Странное дело, но тогда же я вдруг полюбил этот город. Я часто гулял, но только поздними вечерами, когда улицы пустынны, и на лицах прохожих проступает теплое, человеческое выражение.

И еще я полюбил старые московские кладбища и часами бродил между могилами, читая трогательные надписи на памятниках и крестах, смотрел, как приходят люди навестить своих близких и ухаживают за могилами. Я находился тогда в странном раздвоенном состоянии, когда одновременно живешь и смотришь на свою жизнь со стороны, как из сна. Во мне не было больше злости или обиды, и я не печалился оттого, что меня скоро выкинут отсюда и не будет больше туманов над Москвой-рекой, сияния куполов Новодевичьего монастыря, птичьих криков в университетском парке и ровных еловых аллей.

Когда же я думал о ней, мне становилось ее жаль. Жаль, что у нее не достает силы или любви, чтобы изменить свою жизнь и ради холодного покоя она ото всего отказывается. Однако я не винил ее за это.

Мы не избегали друг друга, но виделись редко и, встречаясь, не знали, о чем говорить. Но однажды когда до моего отъезда оставалось чуть меньше месяца, мы вышли вместе с ней с факультета, и она сказала:

– Я знаю, я была холодна к тебе все это время. Но мне трудно очень было.
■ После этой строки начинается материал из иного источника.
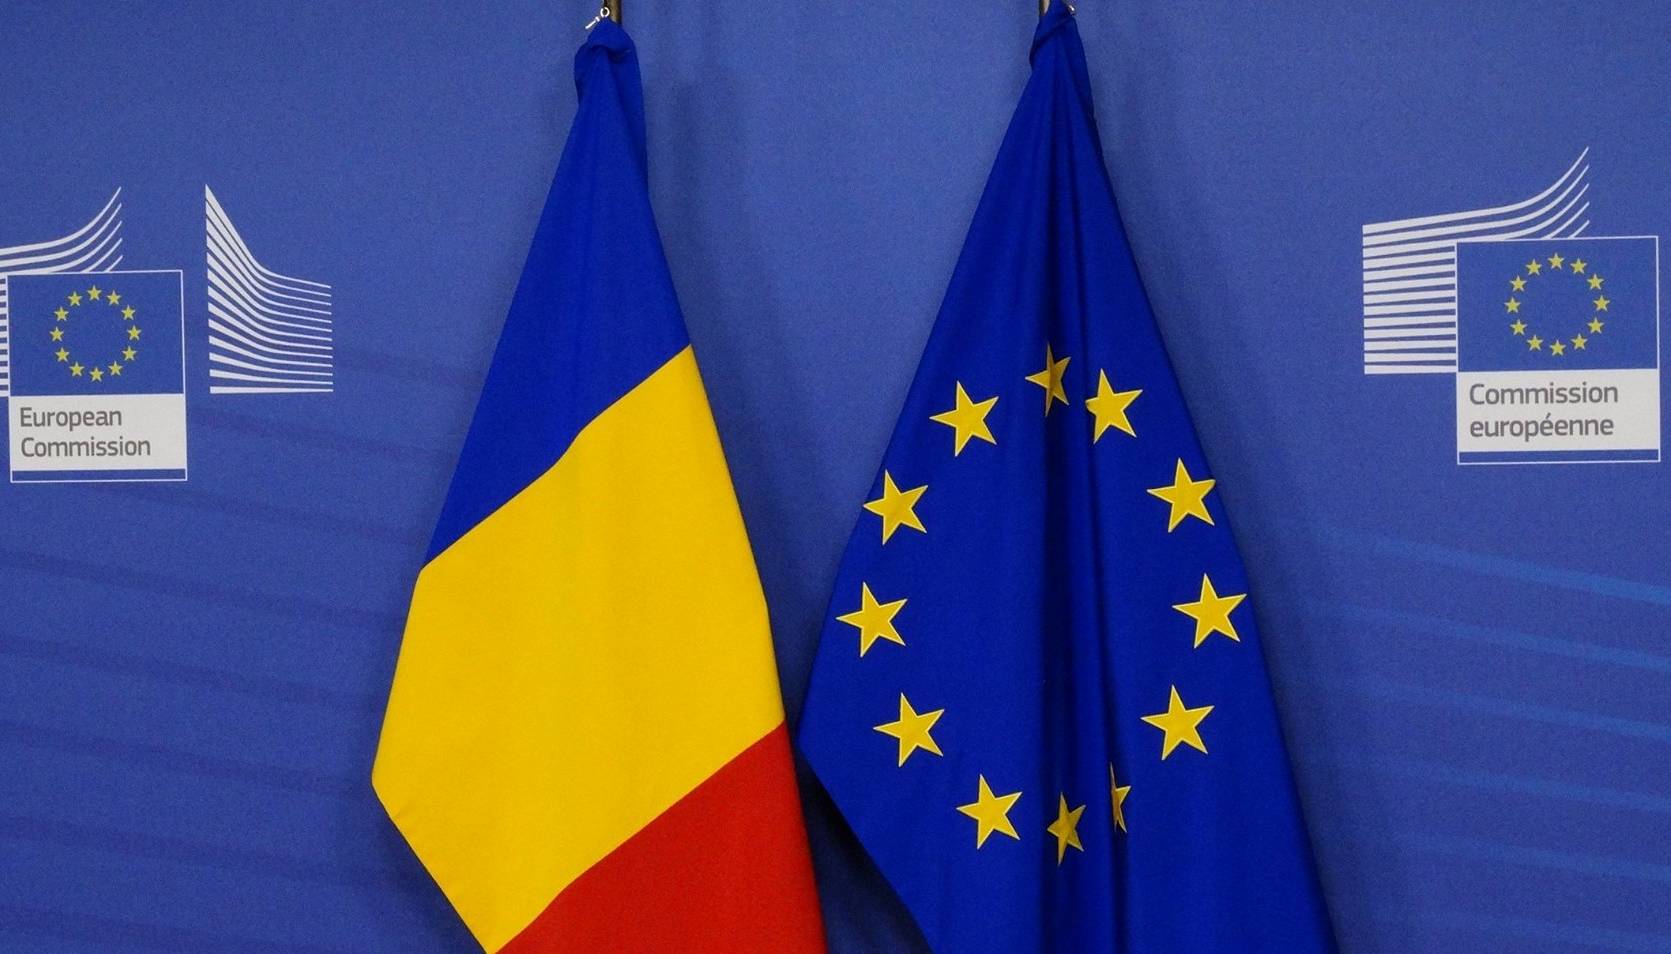 The European Commission will Grant New Loans to Ukraine

Я с мужем развелась.

Я дико на нее поглядел, а она печально кивнула головой и стала говорить о том, как это было тяжело: какие-то собеседования в суде, уговоры родни, потом суд, три месяца на раздумье. Но теперь все кончено, муж оставил ей квартиру и уехал к матери.

Я слушал ее, еще ничего не понимая, и странно было, как она об этом рассказывала, с каким-то даже сожалением. Но первая и самая главная моя мысль в тот момент была та, что теперь наконец я смогу перейти с нею через этот пустырь, где прежде мы всегда расставались.

Однако она как обычно остановилась и, ясно и открыто на меня глядя, сказала:

– Ты только подожди пока. Я устала очень и хочу одна пожить. Ты поезжай к себе, а потом, если захочешь, приедешь.

Дул сильный, с порывами ветер. Она шла, придерживая полы черного пальто, а я смотрел ей вслед, и вдруг невыносимая обида за три года недомолвок и расставаний меня захлестнула, и я почувствовал острое желание уехать прочь из этого города, где даже самые лучшие люди не умеют понимать других.

Я сел в автобус и долго ехал темными закоулками, потом вылез и пошел наугад, пока не остановился возле знакомого двухэтажного домика. Но теперь все тут переменилось – были наглухо заколочены двери, пусты и темны окна, зато стоял в переулке автобус, и молодой парень с бородой рассказывал про Цветаеву и Сонечку Голлидей, а тридцать человек его слушали и глядели на истертое крылечко.

И все это осталось в моей памяти: пустырь, полы черного пальто, заколоченный дом и экскурсионный автобус, чудом уместившийся в переулке. Не было только ее. Но два года спустя, когда в голодную и вьюжную зиму в нашем нищем северном городе у меня родился ребенок и с сбился с ног, пытаясь раздобыть хоть немного детского питания, мне пришла посылка с сухим молоком и крупой. В ту ночь меня разбудил ее голос, и я проснулся в тоске от непонятно как случившейся в моей жизни ошибки.

Присяга

– Если к сосне поднести горящую спичку, она вспыхнет, как свеча.

– От одной спички?

– У нас тоже никто не верил. А потом весь лес спалили.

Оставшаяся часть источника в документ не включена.